Entries provided:
########
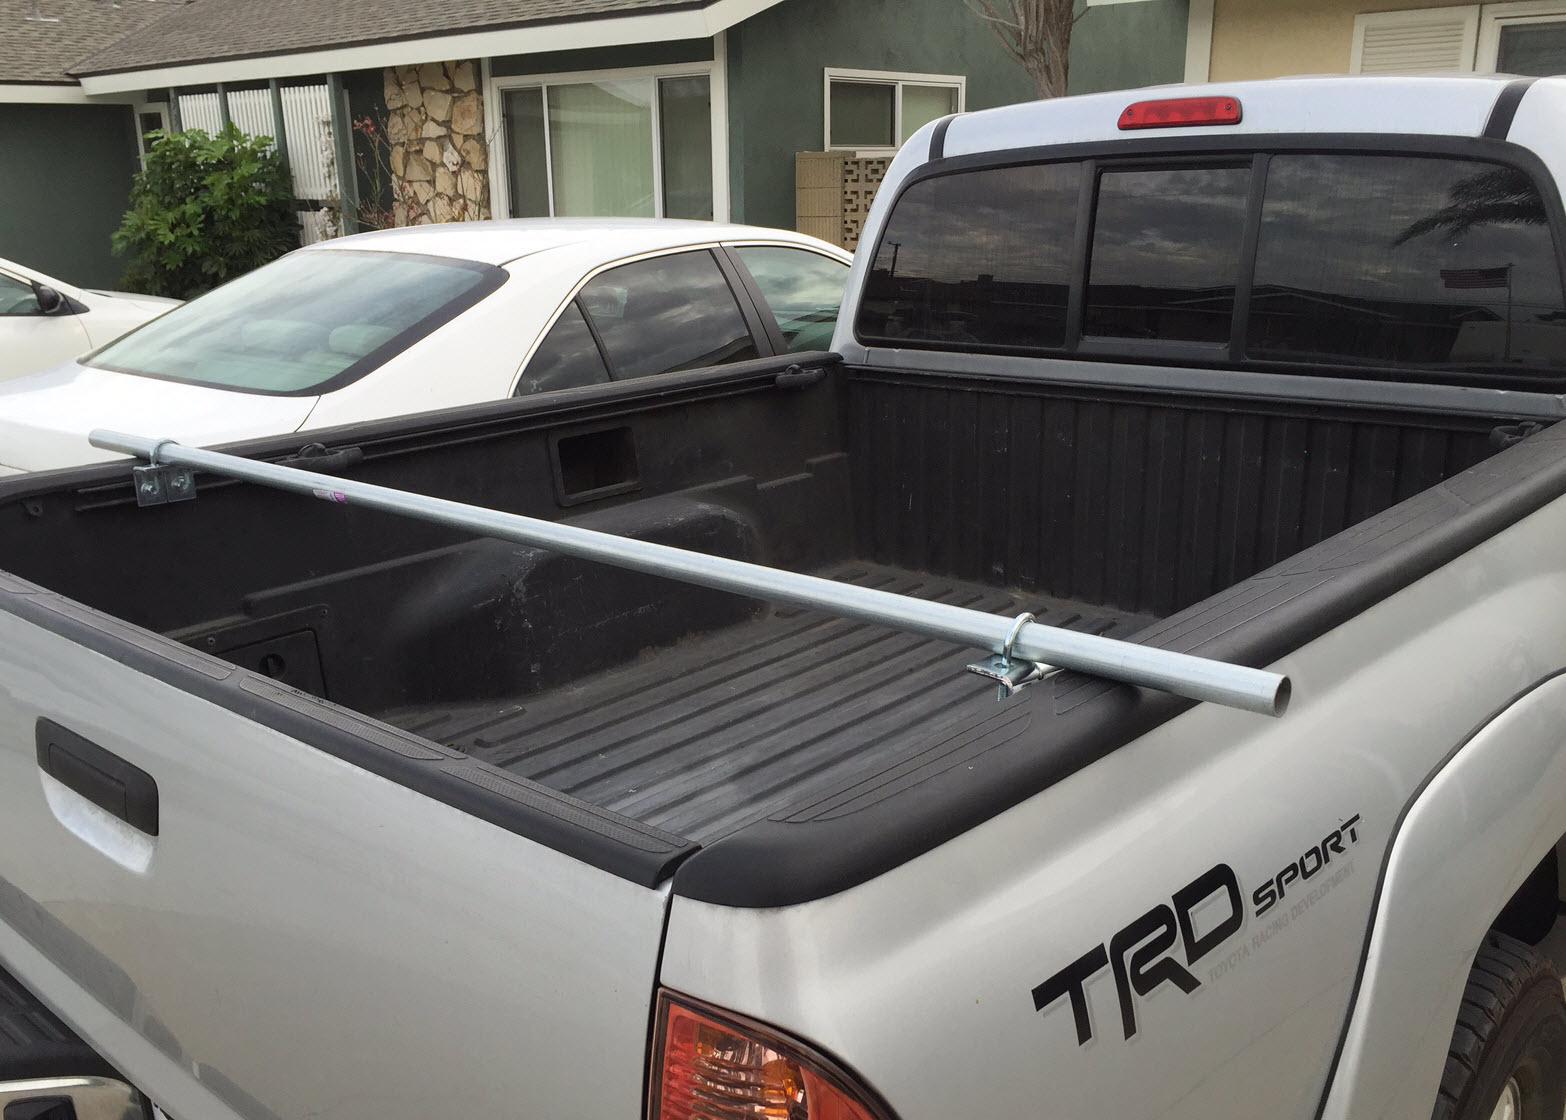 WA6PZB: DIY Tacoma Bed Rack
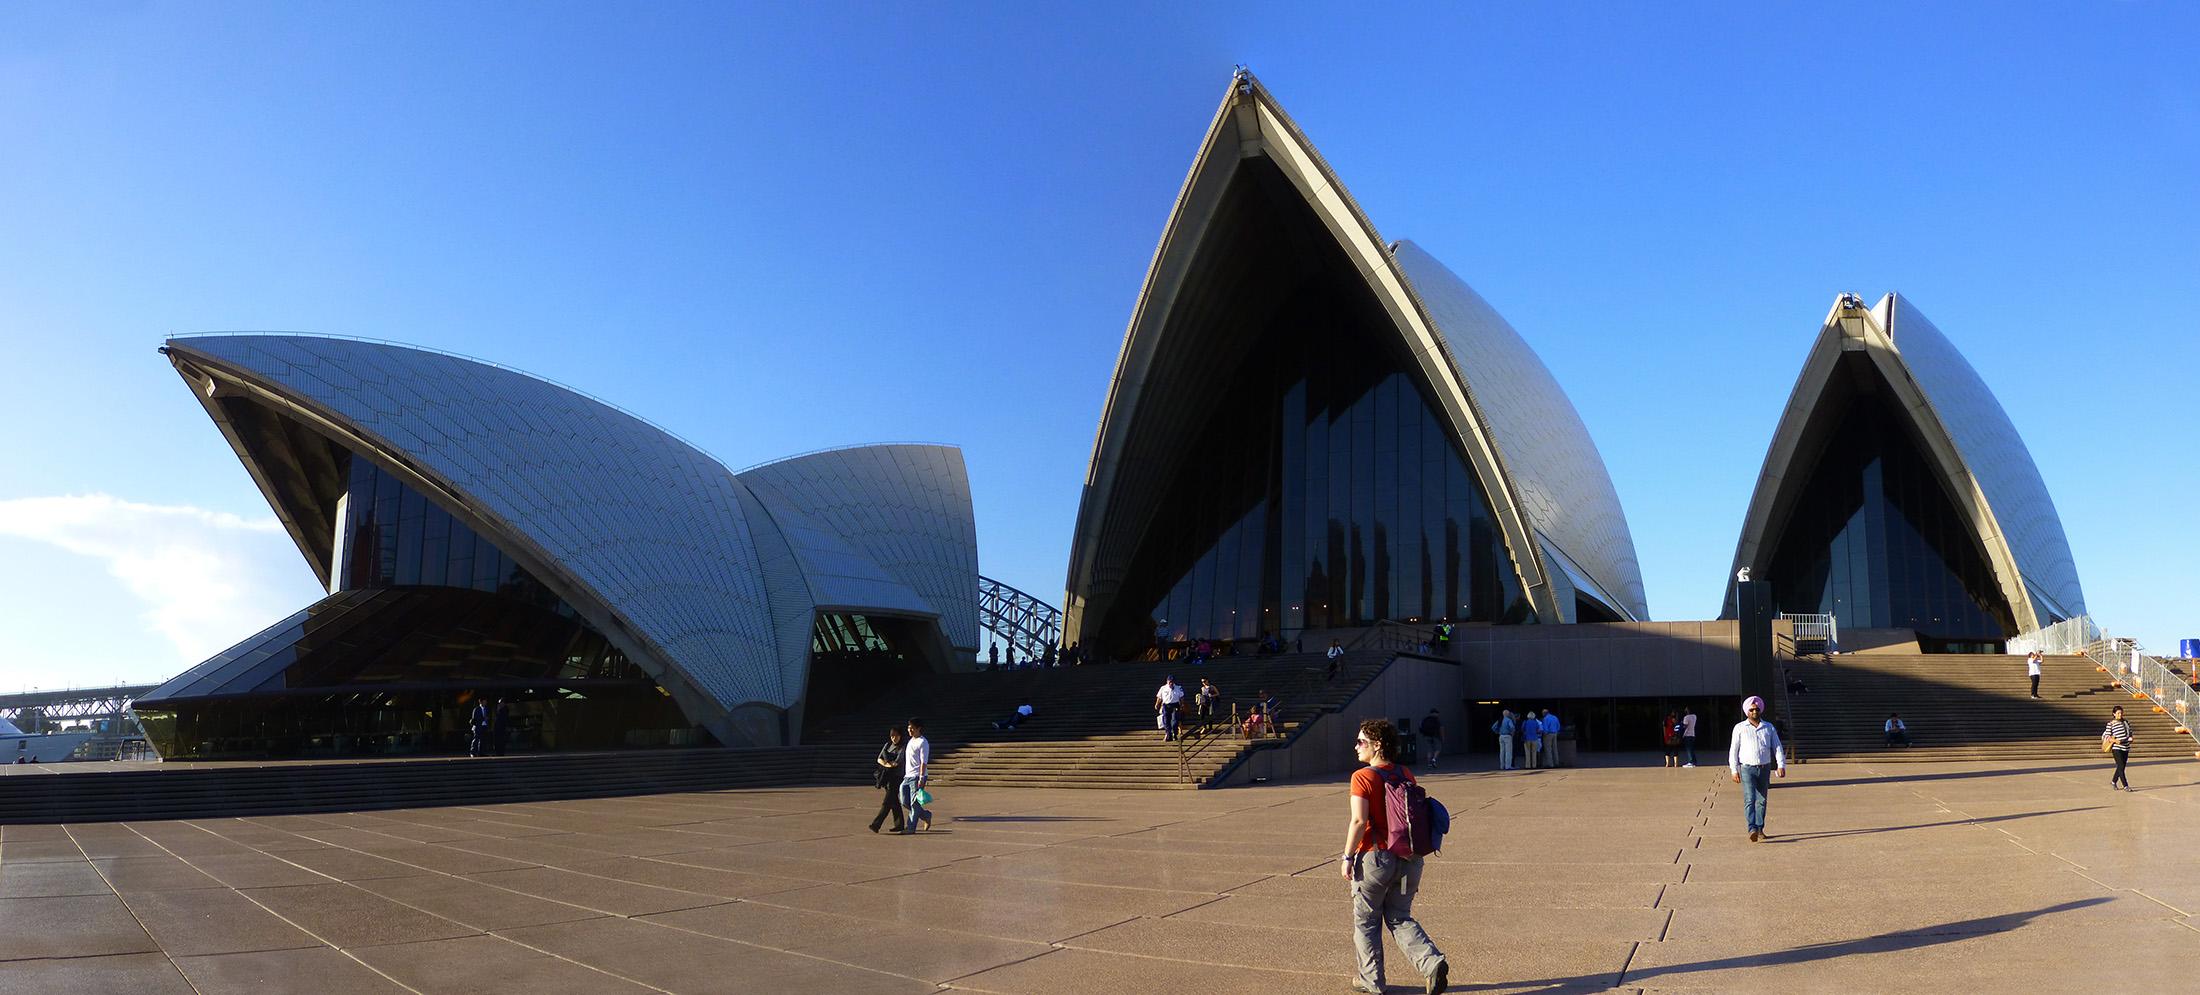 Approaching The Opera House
########
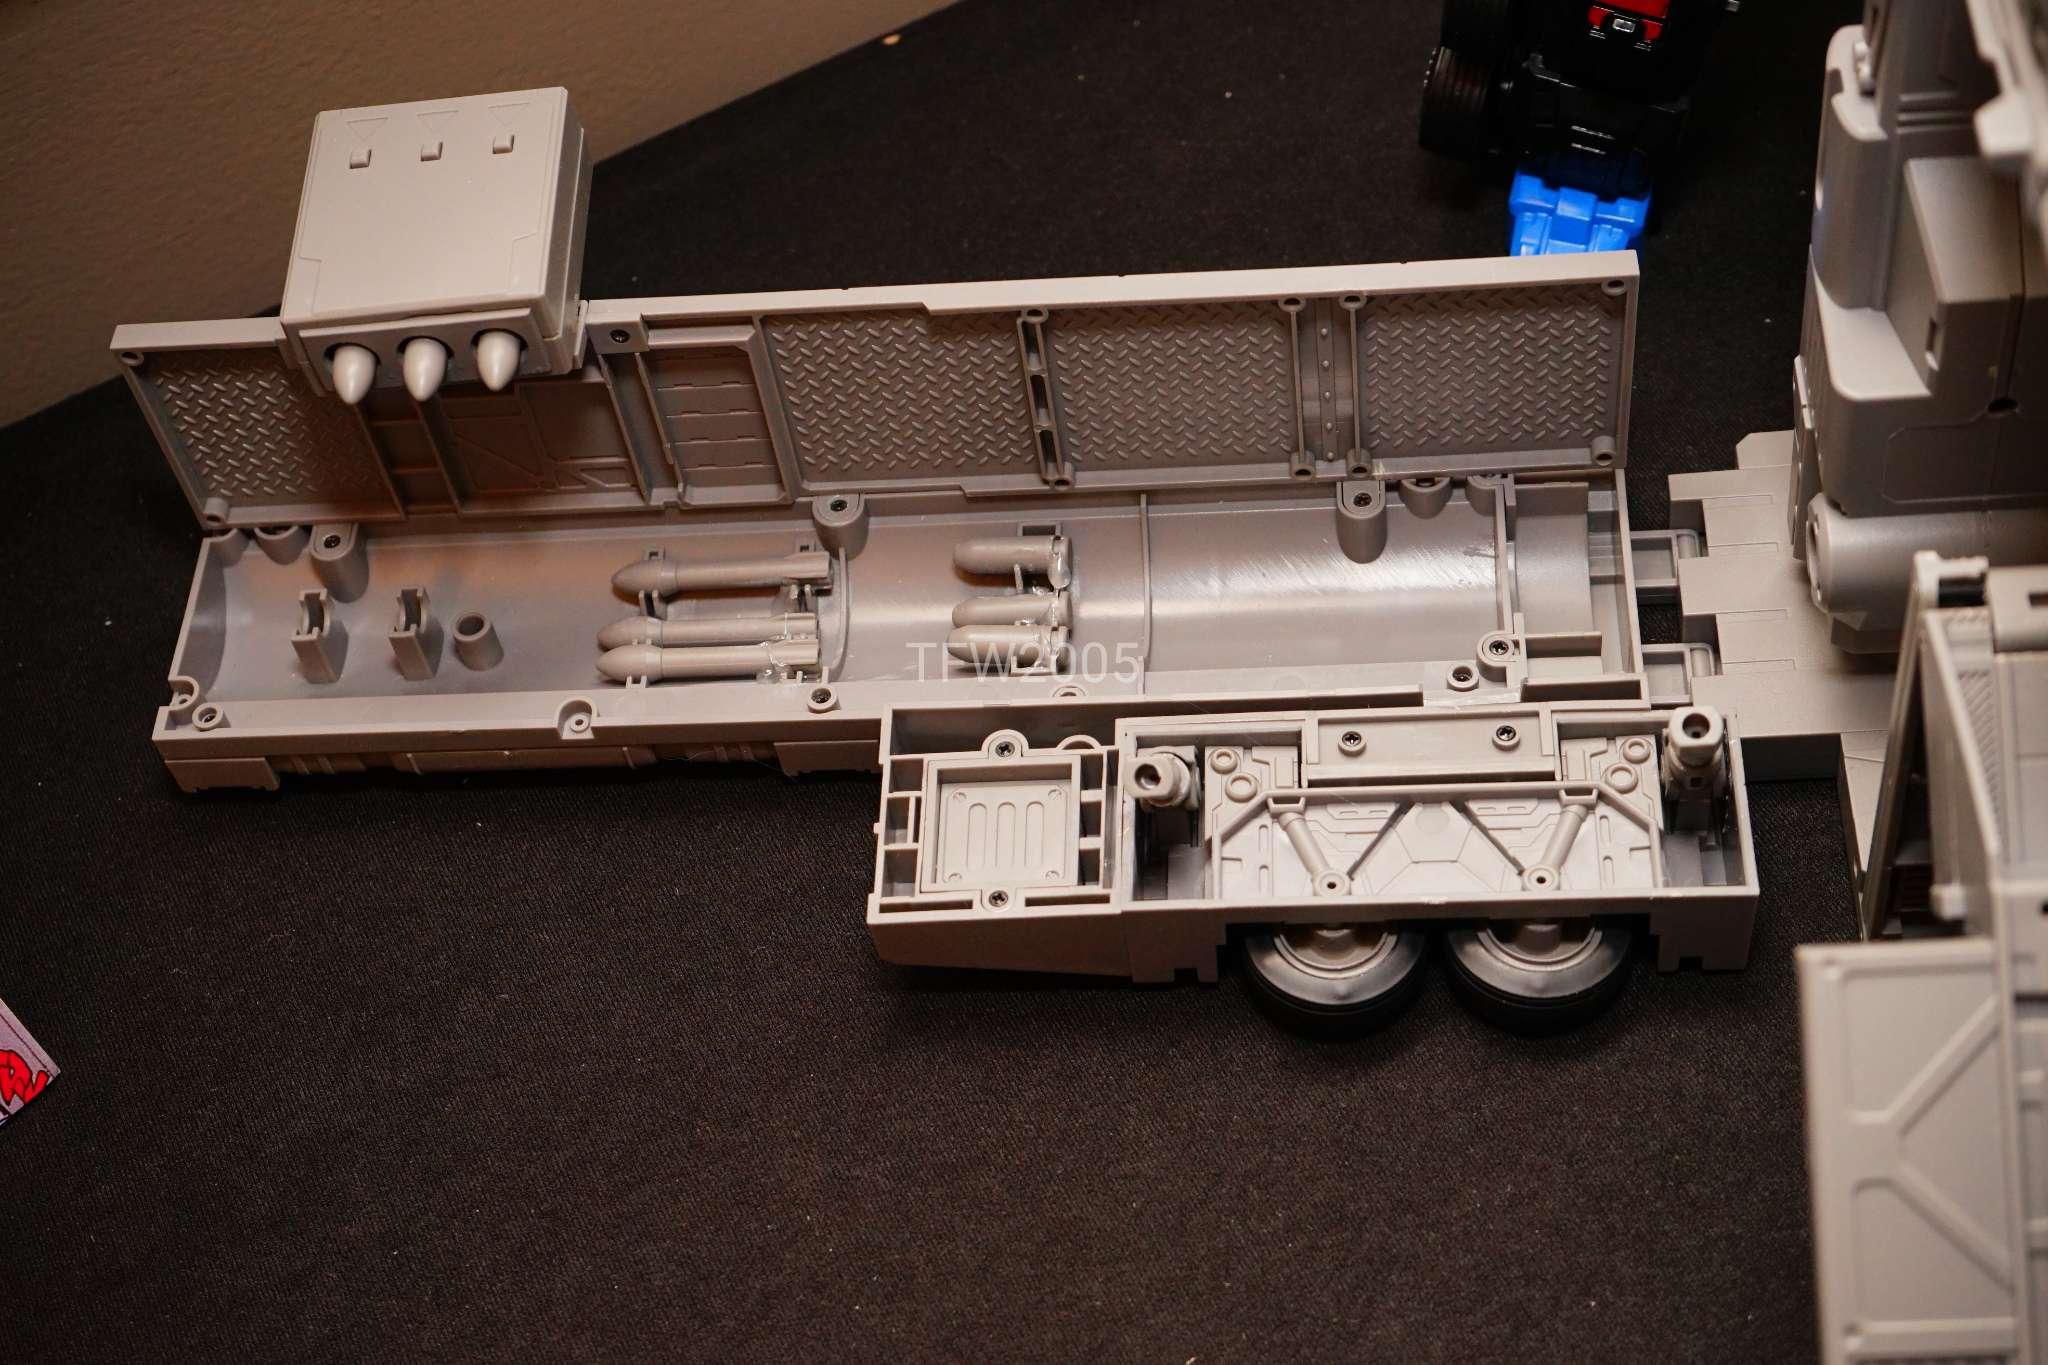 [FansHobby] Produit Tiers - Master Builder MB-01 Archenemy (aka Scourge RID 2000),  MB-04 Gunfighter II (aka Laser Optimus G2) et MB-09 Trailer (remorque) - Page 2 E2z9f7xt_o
########
Only the lines starting at the one that includes "WA6PZB: DIY Tacoma Bed Rack" and ending at the one that includes "Approaching The Opera House" should be retyped, exactly, from the records above; no pictures.

 WA6PZB: DIY Tacoma Bed Rack
 Approaching The Opera House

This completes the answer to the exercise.